James Wolcott: Lucking Out
The ’70s New York memoir really has become its own literary category. James Wolcott was a staff writer for The Village Voice when it was a crucial publication, writer of the first cover story about the CBGB’s scene in 1975, and a golden boy of film-critic emeritus Pauline Kael, and therefore a prime witness to a lot of the action. Lucking Out: My Life Getting Down And Semi-Dirty In Seventies New York lays out its time vividly; the various milieus Wolcott describes are clear and memorable.

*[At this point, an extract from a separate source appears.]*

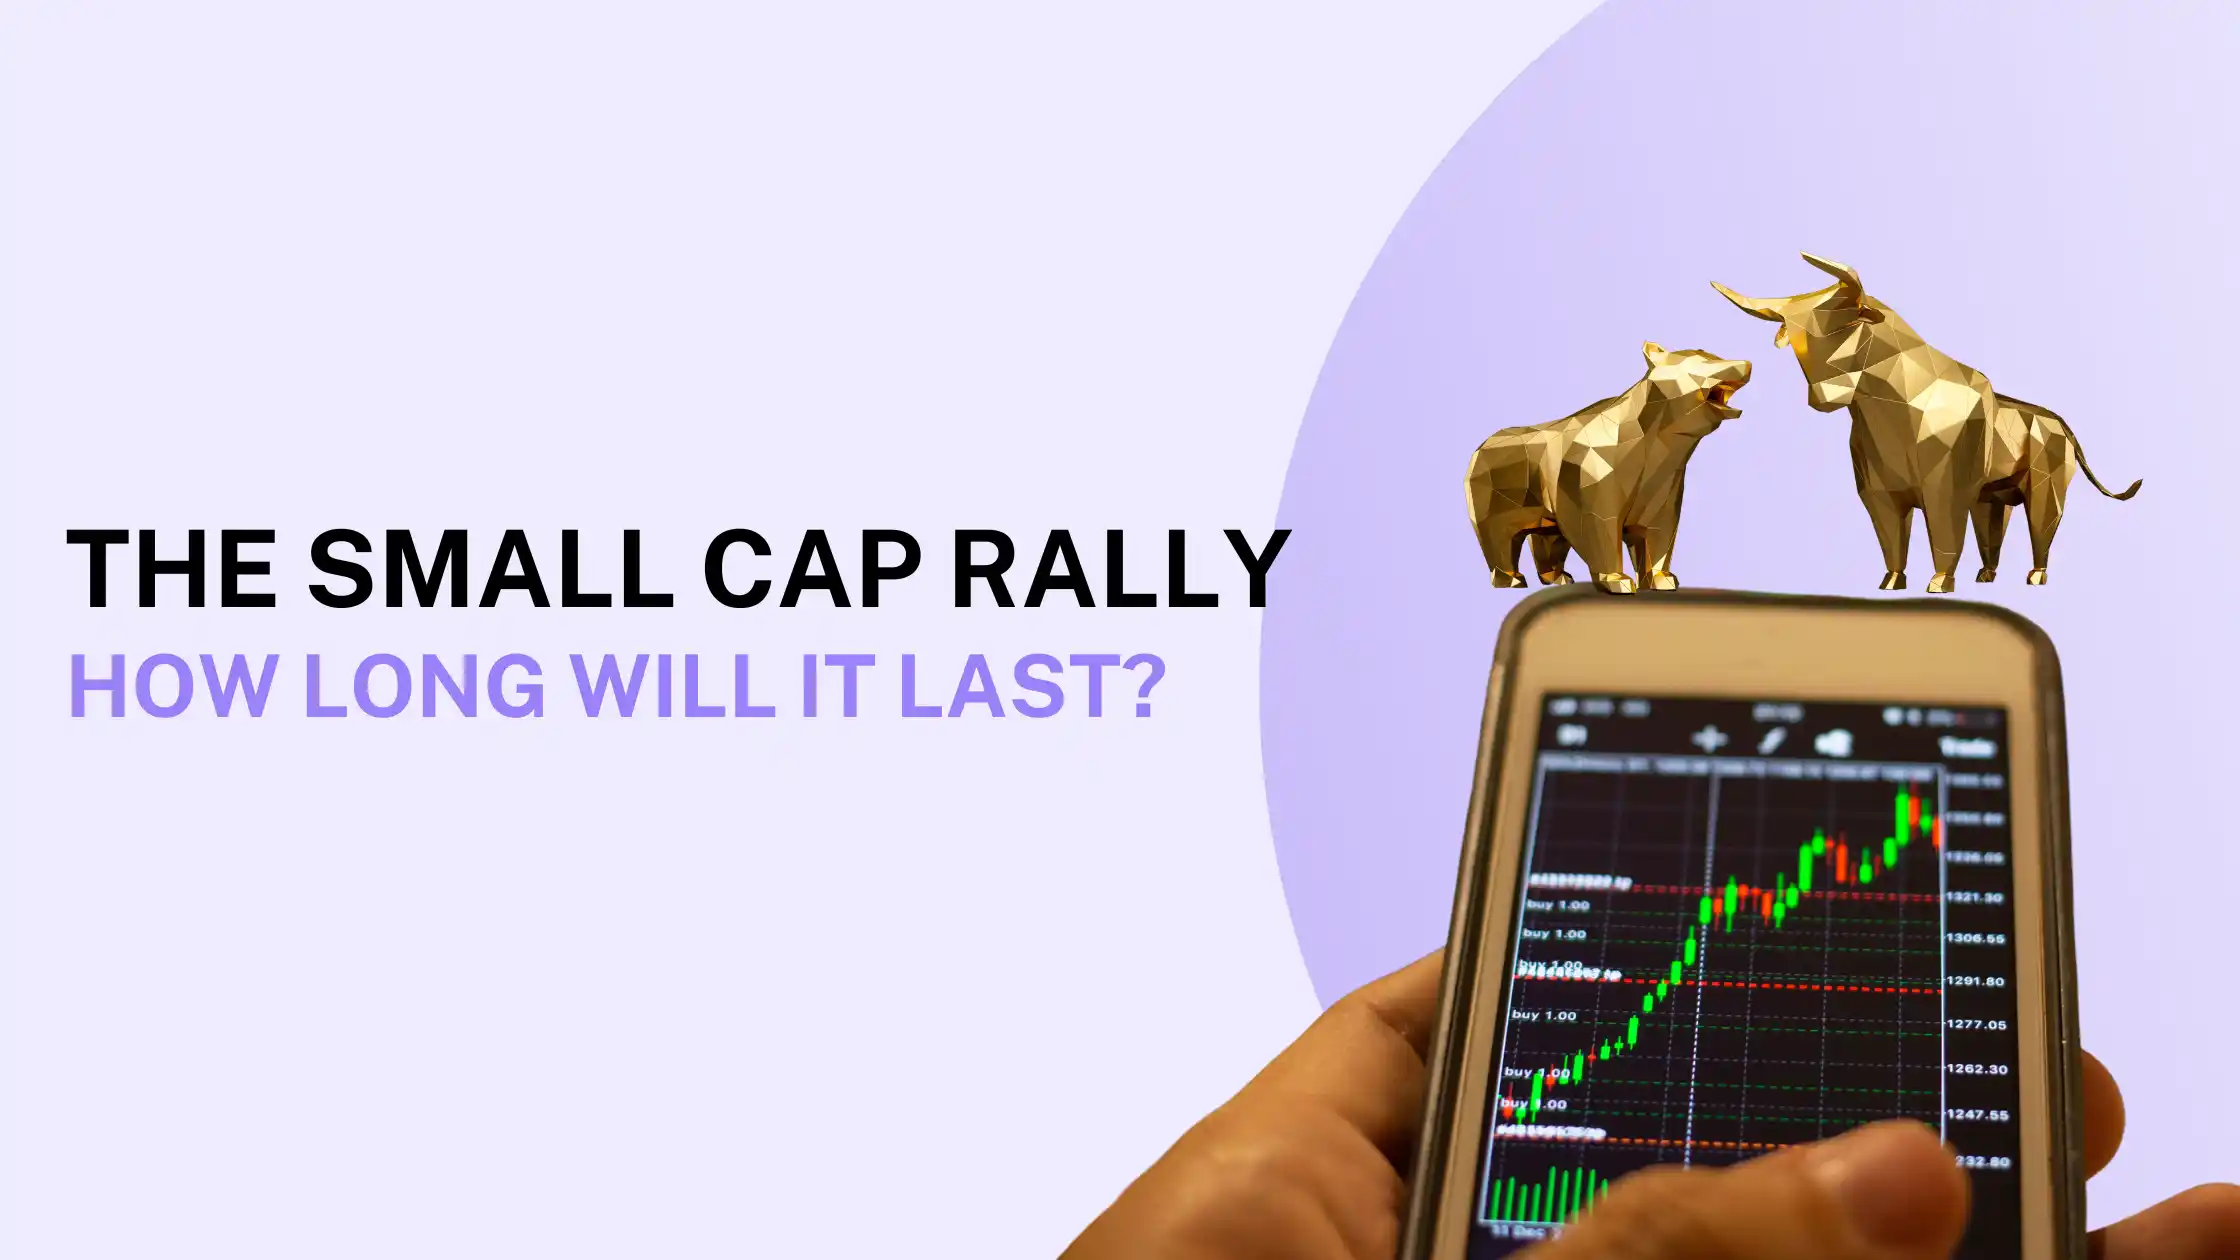 The Small Cap Rally - Is it Time For a Correction?

Wolcott went to New York with a recommendation letter from Norman Mailer, acquired in college, for a position at the Voice that didn’t exist for him. But Wolcott persisted and eventually became a staff writer (and, for a while, a receptionist). He describes the office’s many characters with a warm eye (“Nat Hentoff… always enjoyed having a First Amendment case to warm his hands over”), but when Kael sweeps him under her wing, the book hits its most romantic pitch. (That, and when he discovers ballet late in the decade.) Wolcott’s life as a Paulette risks being overripe, which is how it can be with stories of being younger and ruder: Kael was notoriously not gun-shy, and she favored aggressive young men, such as director James Toback, who led the pack in talking back to the movies during screenings. By comparison, Wolcott insists, he was the quiet one. For him, the ’70s died when Renata Adler’s infamous dismissal of Kael as “worthless” in the New York Review Of Books appeared in August 1980.

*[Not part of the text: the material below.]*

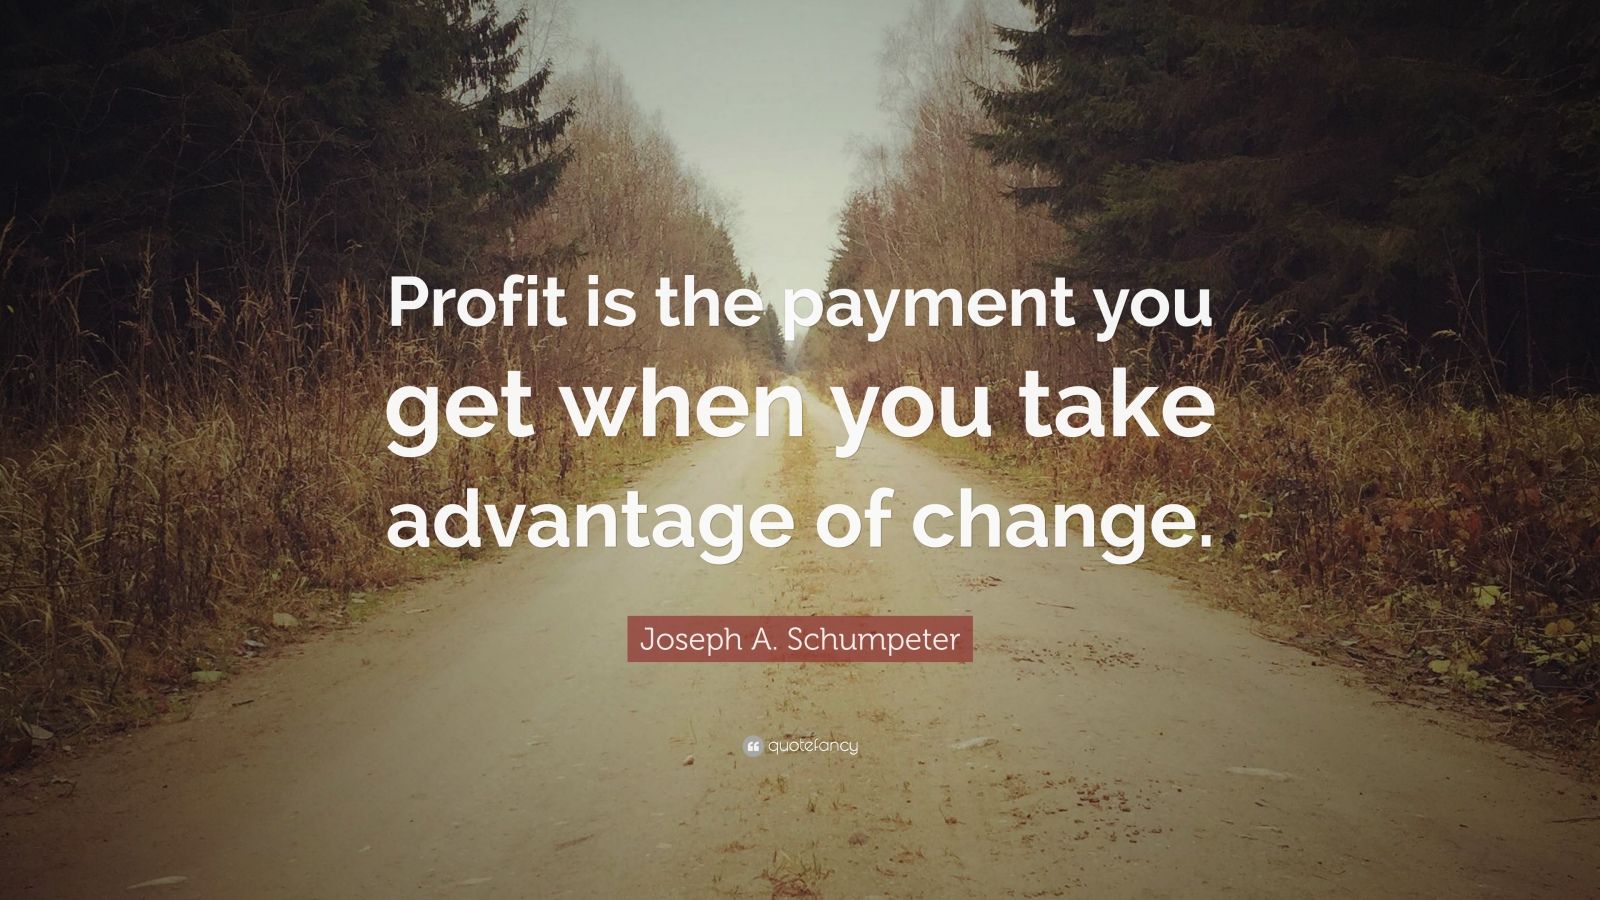 Joseph A. Schumpeter Quote: “Profit is the payment you get when you

Wolcott’s punk recollections stick less for his musical insights than their mundane comedy: “Bottles would be dropped from the Palace Hotel men’s shelter above CBGB’s, their green and clear glass smashing on the sidewalk, some of them exploding with pee, the contents recycled from the beer or Thunderbird that the bottles formerly contained. It wasn’t a nightly occurrence, but it happened often enough to keep you limber.” Even better is when he compares the city’s two great scuzz industries: “Punk was rooted in its opposition to pretension, whereas porn adopted pretension as soon as it broke out of the basement and sought respectability, pursuing the fine cultural cachet of the art-house film where ennui hung heavy from the false eyelashes.” Wolcott’s book, though, remains limber even when the sentences are stuffed like cigars.